Introduction
QS Gene
Composite Parts
Future Prospect
Introduction
In the future, we intend to improve the project design to help people compare mutation rate of the different mutagens more easily and directly. So, we designed biobricks integrating quorum sensing system(Figure 1). According to our design, the higher the mutation potential is, the faster the E. coli population will reach the threshold and begin to express red fluorescence.
Figure 1: Quorum Sensing Regulated RFP System. LuxI and LuxR are two important QS regulation genes in E. coli. LuxI protein catalyze the synthesis of AHL, which conjugated with LuxR to form a operator that promotes pLux regulated downstream expression. RFP will be expressed once the E. coli population proliferates, which also conform with the logic of growth curve selection.
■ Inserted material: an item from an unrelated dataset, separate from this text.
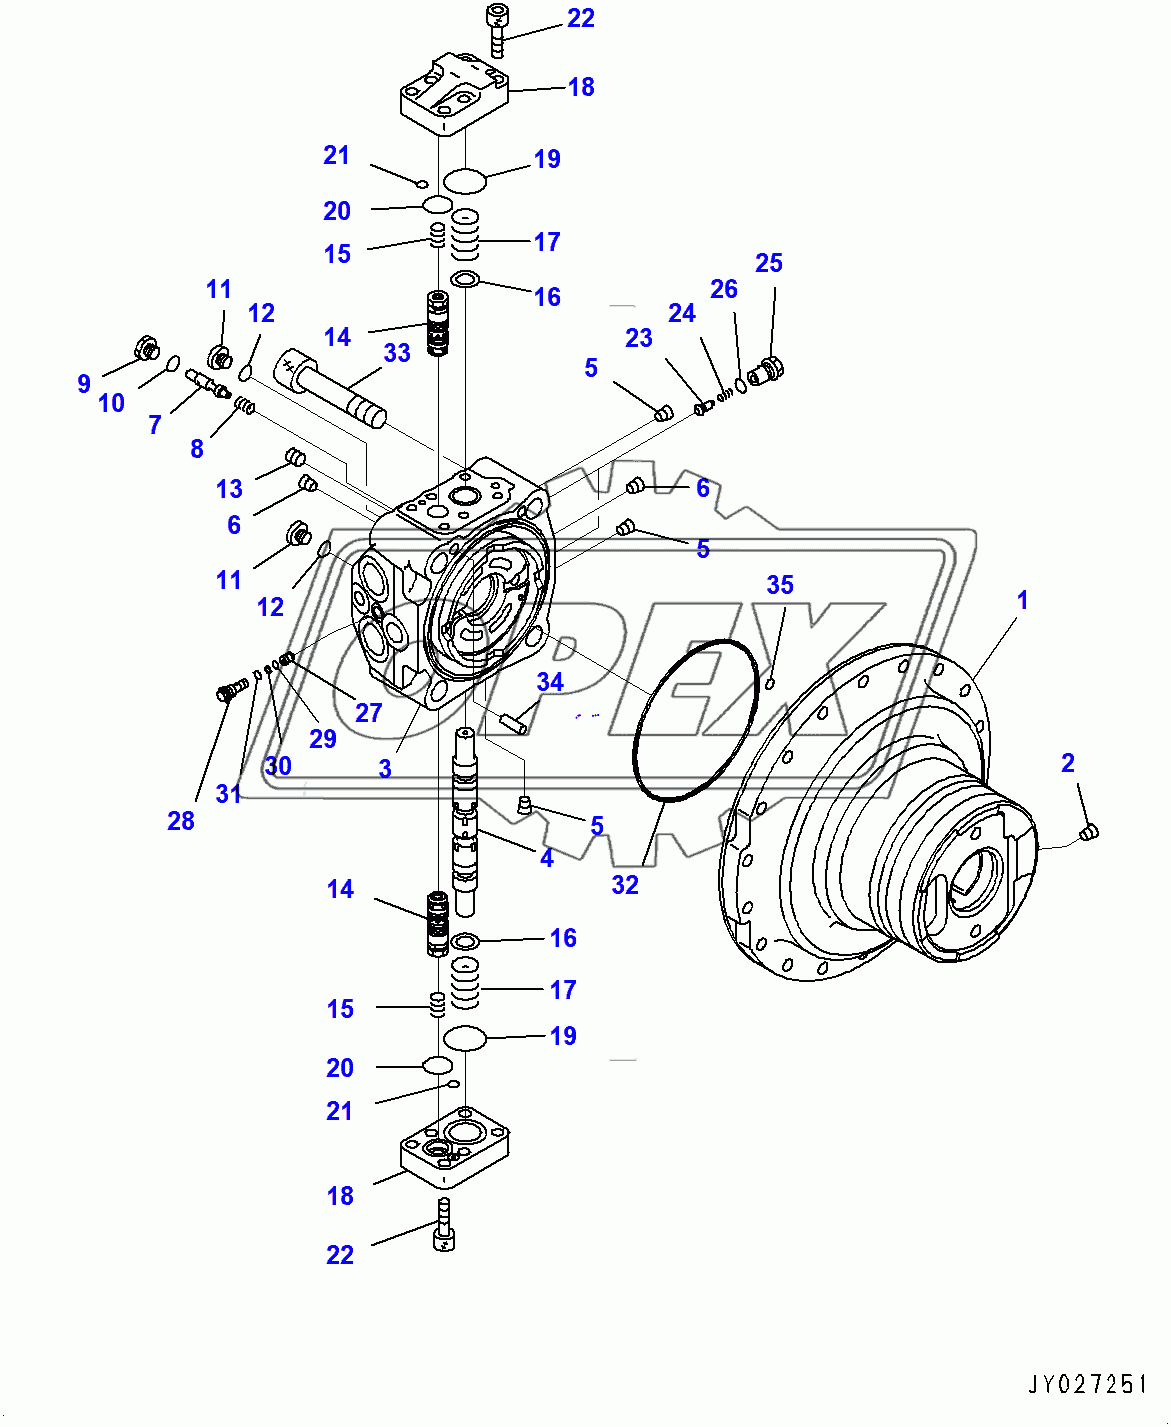  Travel Motor and Final Drive, Travel Motor  (1/2) (400082-400126)

To accomplish the idea of visualization, we have already started the preliminary experiment. First, we cloned the quorum sensing system into the E. coli and conducted the functional test. Then, we co-transformed them with toxin genes. In future experiments, we will do functional tests of the co-transformed E. coli. After that, we will put the co-transformed E. coli together with different mutagens and accomplish furthermore progress to our project.
Quorum Sensing Gene
Cloning
The Figure 2 is the electrophoresis results of the PCR products with 1Kb marker on the left side and target gene on the right side. The lengths are labeled beside each band.
Figure 2: DNA electrophoresis of part BBa_K3256437 with BBa_K3256439.
As the figure we show above, we successfully cloned QS gene into the E. coli.
Functional Test
Then, we tested the function by measuring the fluorescence intensity and the optical density of the transformed E. coli together with controlled group. We put our sample into the CLARIOstar® Plus plate reader. For each sample, we applied triple replication in order to get more precise data.
Figure 3: EtBr mutagenic effect on E. coli growth with quorum sensing rfp expression
In the beginning, the fluorescence intensity remained relatively at low level. At about 150 minutes after IPTG induction, the fluorescence increased sharply and then remained in high intensity. The result was in accordance with our quorum sensing design. The sharp increase of fluorescence intensity occurred at O.D. value at approximately 0.2, which was expected to be too early. This phenomenon was observed in multiple tests. We expected that the promoter Plux was loose and expressed well with little concentration of AHL. For future work of integrating Quorum Sensing system in the bioassay, we may have to change the promoter or add operon for the tighter control.
Composite Parts
Cloning
After we had done the function test of toxin gene and the QS gene circuit, we co-transformed the two vectors into E. coli BL21(DE3).
Figure 3 was the electrophoresis results of the PCR products with the marker on the left side and target gene on the right side. The lengths are labeled beside each band.
Figure 4: A. DNA electrophoresis of part BBa_K3256440 and BBa_K3256437 with BBa_K3256439. B. DNA electrophoresis of part BBa_K3256443 and BBa_K3256437 with BBa_K3256439.
We successfully co-transformed two different toxin genes respectively with QS gene into the E. coli. So, we will use them to do the following experiments.